Где же стоял этот пропавший дом (где центр пустоты)? И какого он был размера?
— Он был огромный. Тридцать четыре комнаты. Три этажа, восемь колонн вот такого охвата. Что вы, это же известная, ужасная история.
Но прежде, чем рассказать мне эту историю, В. отводит меня в сторону, к тем старым черным липам, мимо которых я шел сюда, и, разведя руками как можно шире, показывает, где стоял тот главный дом.
Господи, конечно! Между флигелями, где же еще? Здесь есть два флигеля, только теперь они очень разны: один, правый, оброс пристройками — это и есть нынешний, неглавный дом Толстого, другой остался, как был, исходным невысоким кубиком, стоящим слева от (отсутствующего, исчезнувшего) главного дома.
Случилось то, чего я ждал с первого мгновения встречи с Ясной: классический чертеж в одно мгновение вокруг меня нарисовался.
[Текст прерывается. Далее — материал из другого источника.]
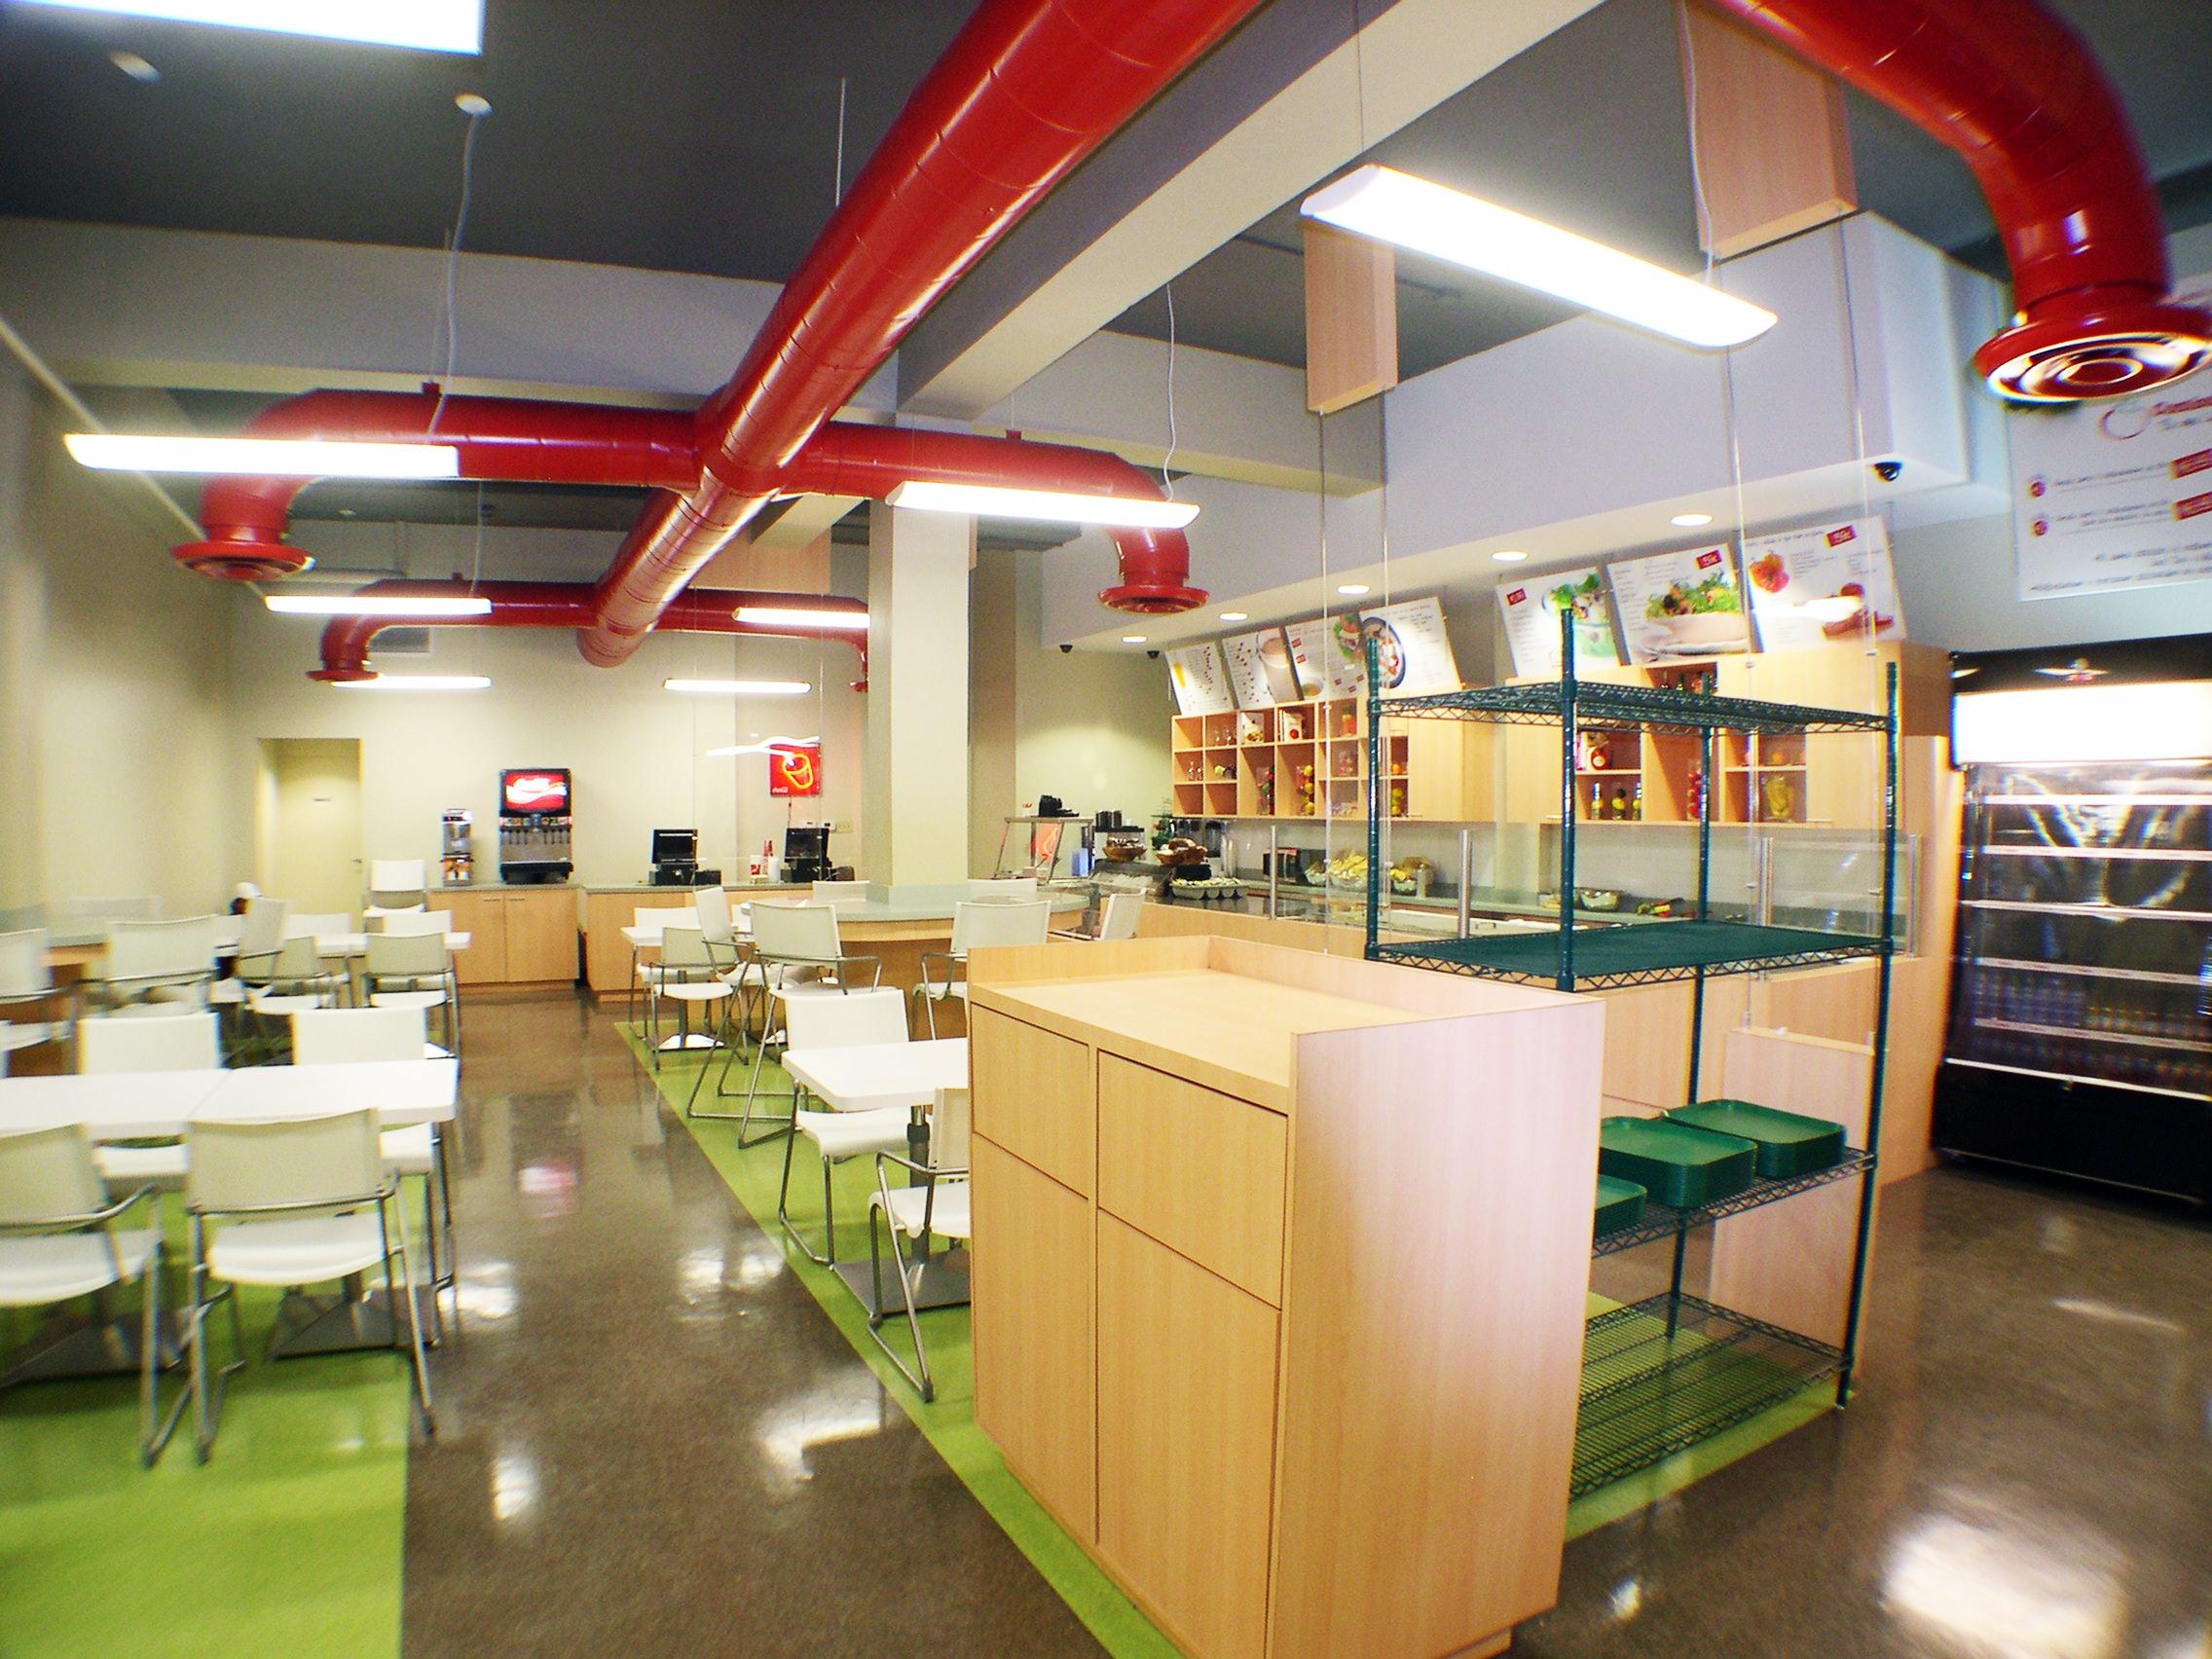 Restaurant finished interior

Конечно, здесь, между флигелями, стоял огромный дом. На самой вершине идеально округлого, пологого холма. Он замыкал Прешпект, он царствовал над окрестностью, он был замковым камнем в арке ансамбля, в сердце пространства, которое некогда во все четыре стороны света отсюда расступалось.
Конечно! Я замычал, сам разведя руки, расталкивая руками воздух от исчезнувшего дома во все четыре стороны.
В., глядя на меня, захихикал. Он был рад произведенному впечатлению.
Он не знал, насколько важно для меня это восполнение пустоты, так меня расстроившей в первые минуты прогулки. Теперь все встало на свои места. И даже деревья, эти черные старые липы, строятся по контуру исчезнувшего дома.
— Конечно, а как же, — сказал В. — Потому и строятся. Лев Николаевич сам посадил эти деревья. Вместо дома, точно на его месте. Он же виноват, он сознавал свою вину.
Какую вину?
Я выпучил глаза. В. посмотрел на меня с состраданием.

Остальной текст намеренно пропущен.